The Green Fairy gave an indignant and shrill warning.
Cornelis caught himself. He quickly modulated his tone, and tried to calm the skunk-like fairy before he could spray that intoxicating vapor of highly concentrated absinthe. Fortunately Copper had a soothing effect on the creature. She gently stroked his tiny head with a finger and murmured compliments to him, saying he was lovely and brilliant.
Absinthe hopped onto her shoulder and snuggled down under her ear, making an occasional snuffling sound. I heaved a sigh of relief.
“I need to create a very good illusion to keep them from seeing us,” Cornelis began. “I think a mirror trick will suffice. A few illusory reflections so that it seems to them that they see the route ahead, but they do not see us. But we’ll have to be absolutely quiet,” he said emphatically.
The muscles in my face tightened until I thought I would twitch. Quiet? Absolutely quiet? As I looked at Cornelis and Copper that requirement seemed impossible to meet.
“This illusion will amplify any sounds we make,” he stressed. “We’ll have to maintain silence for quite some time. I suppose that will be easier if we occupy ourselves somehow. Ah! I know,” he said as he hurried to open a drawer in the submarine’s desk-like bridge.
He looked rather pleased with himself as he produced a backgammon set.
“Unfortunately Cornelis, I don’t know how to play,” I told him. “And teaching me will defeat the purpose of being quiet. Oh, but you have some books over there,” I said noticing a bookcase in the corner. “You and Copper can play while I read,” I suggested, knowing that the girl would enjoy the act of pretending to play even though it was unlikely that she actually knew the rules of backgammon.

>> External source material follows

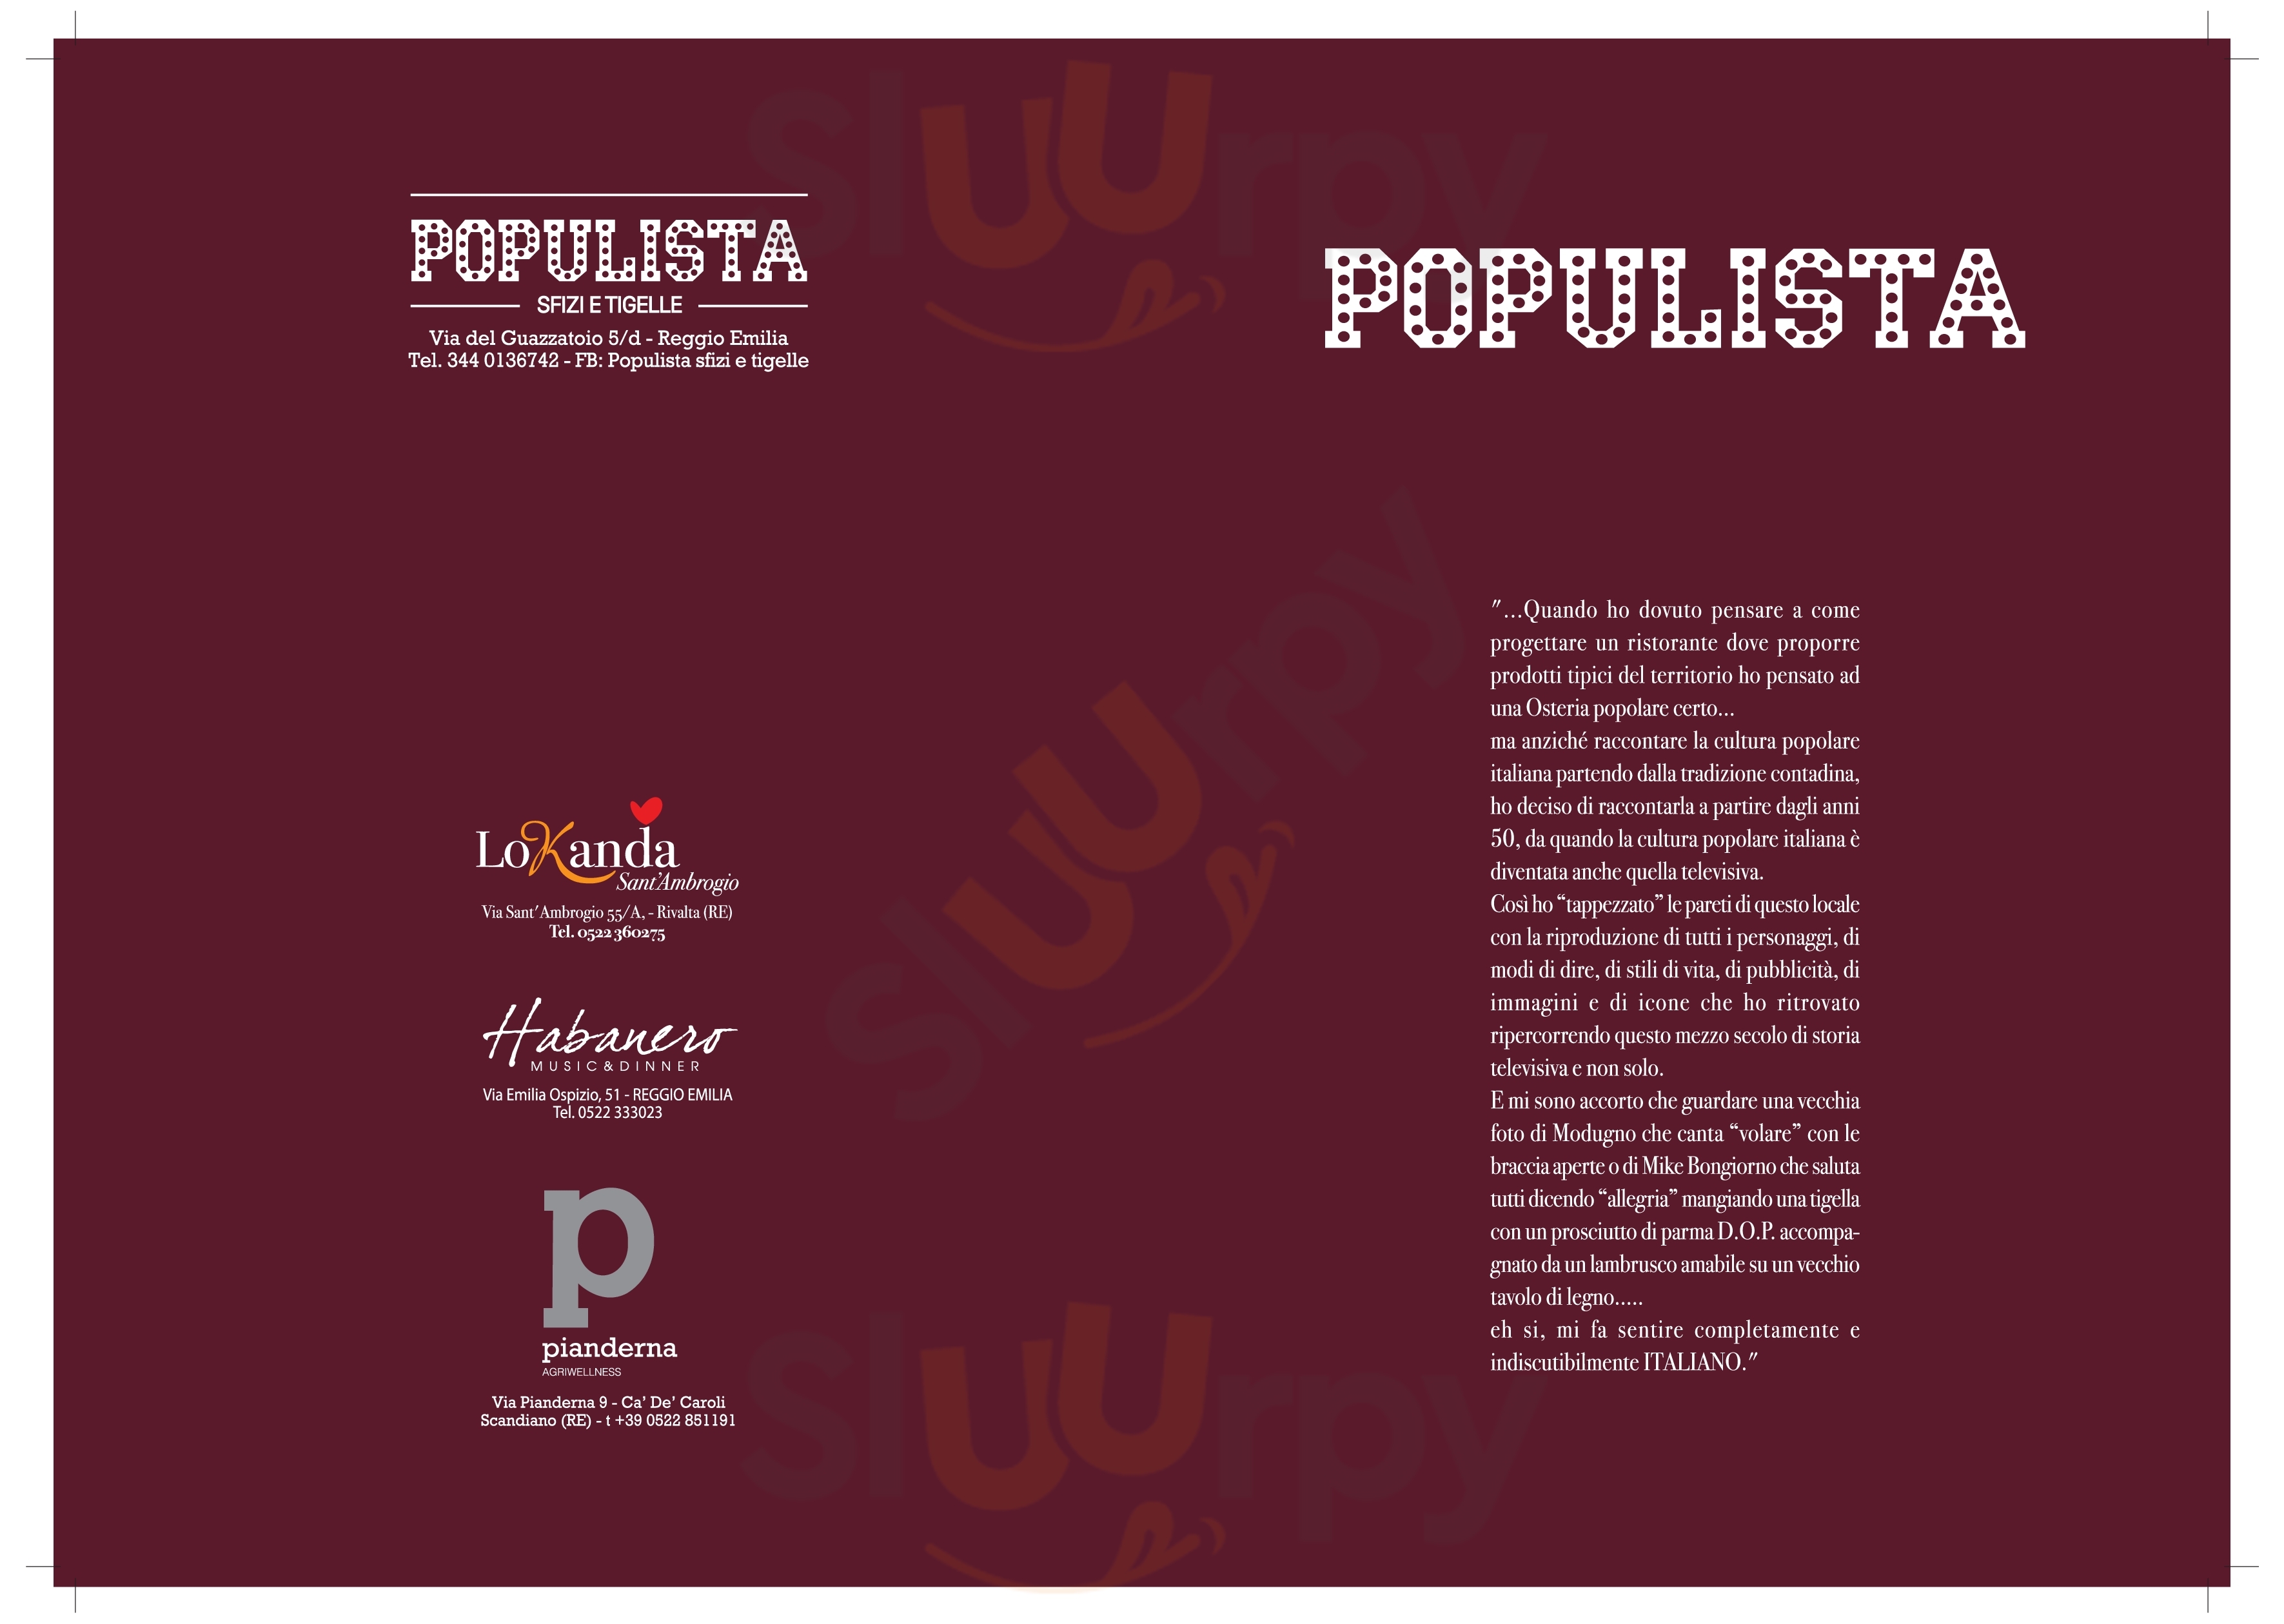 Populista - Sfizi e Tigelle Reggio Emilia menù 1 pagina

“Yes, I want to play,” Copper quickly confirmed my guess. “Absinthe and I can play against you Cornelis,” she offered, and the Green Fairy chirped and settled on the backgammon board the Dutchman had just opened.
Absinthe seemed to guide Copper in arranging the pieces on the game board. Meanwhile Cornelis went to the second of two perpetual motion clocks. It was a good deal larger than the first machine. He gave the thing that looked like a cast iron finial another toss and then twisted it onto the base of the clock. It began to spin slowly. It had a rather hypnotic effect. Looking at it made me queasy again.

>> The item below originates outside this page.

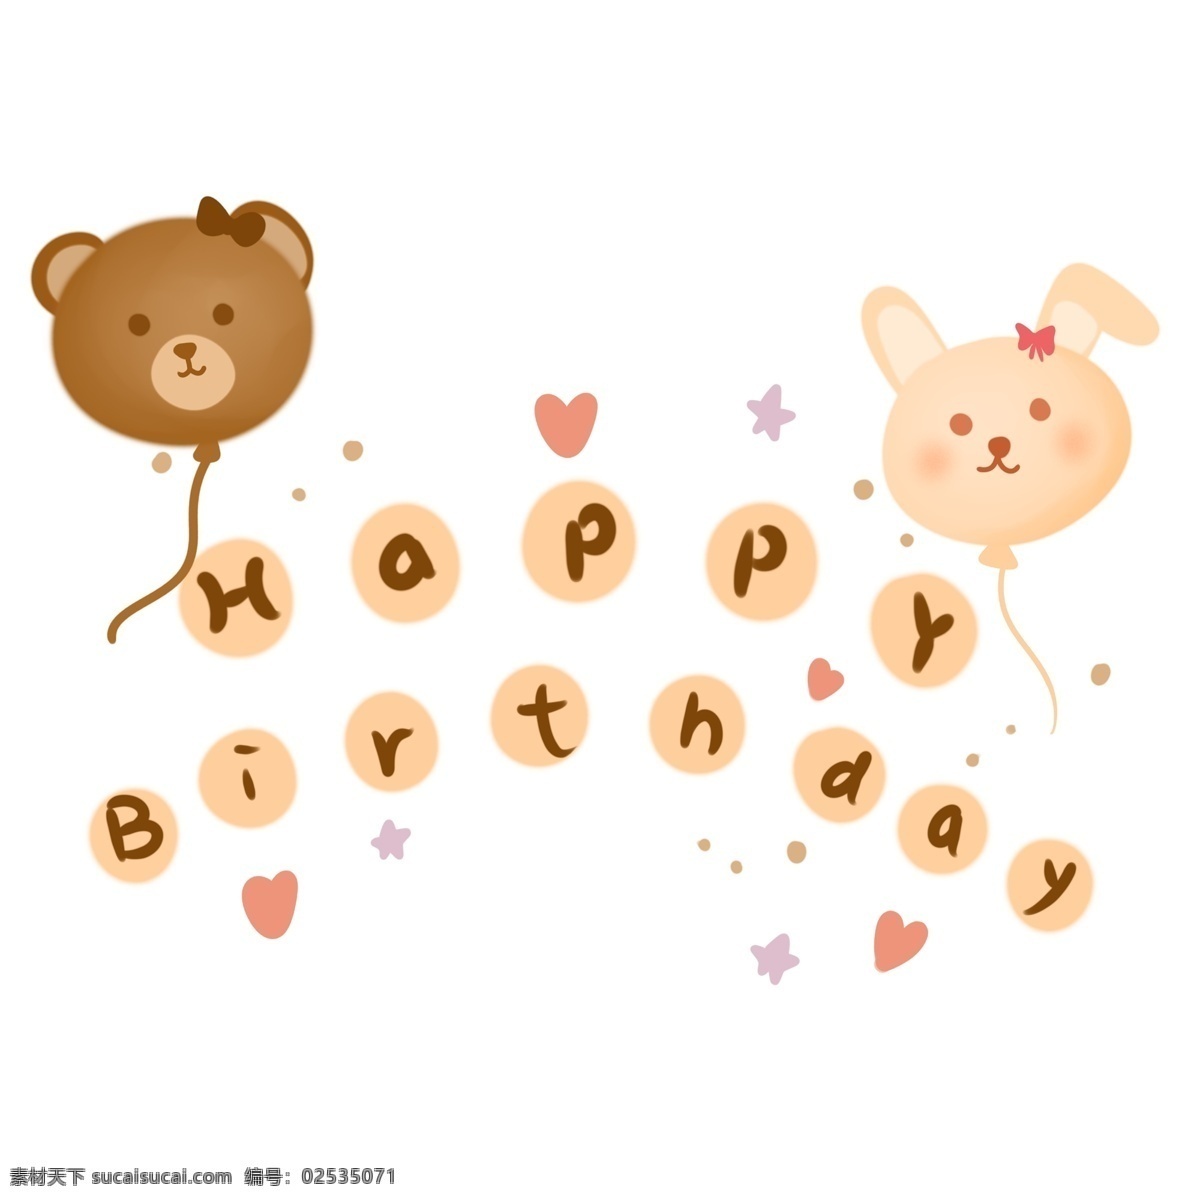 卡通 动物 生日 快乐 小熊 兔子 气球 童趣 可爱 生日快乐 生日派对 生日祝福 贺卡 装饰

A green aura surrounded Cornelis. From out of nowhere the alchemist produced postcard sized images of the waterway, the shorelines, and the sky. He placed one hand just above the images and rested the other on the crystal dome of the perpetual motion clock. As the glow around him intensified, one by one the images disappeared and then reappeared inside the dome.

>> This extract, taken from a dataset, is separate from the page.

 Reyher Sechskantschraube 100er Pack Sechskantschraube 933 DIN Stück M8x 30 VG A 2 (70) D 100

“Wow!” Copper sighed and the Green Fairy made a soft shushing sound.
“I’m sure it’s important that we don’t interrupt Cornelis,” I whispered to Copper.
“Oh really?” Cornelis muttered drolly. “My skills aren’t that limited. Do go about setting up the game. I’ll join you shortly. Felicity, select a book and relax.”
I glanced at the titles. Everything on the first three shelves was dry and scientific sounding. When I looked at the fourth shelf I couldn’t suppress a chuckle. The Dutchman had a small collection of Jane Austen books.
“You’ve an Austen collection?” I murmured in surprise.
“Yes. I met the lady and several other authors. She gave me the books herself. You’ll see an inscription inside each, written in her own hand,” Cornelis said in a rather smug tone.
I was impressed. Of course, I couldn’t let Cornelis see that, so I hid my face behind a book.
“Pride and Prejudice,” I commented. “My favorite,” I said, silently reading the brief note from the author to her “dear friend, Cornelis Drebbel.”
A tinge of envy wriggled across my thoughts, but quickly departed. I understood the things the alchemist endured. Or I came as close to comprehending his life as a normal person could. I could not feel envy of jealousy toward him for more than a moment.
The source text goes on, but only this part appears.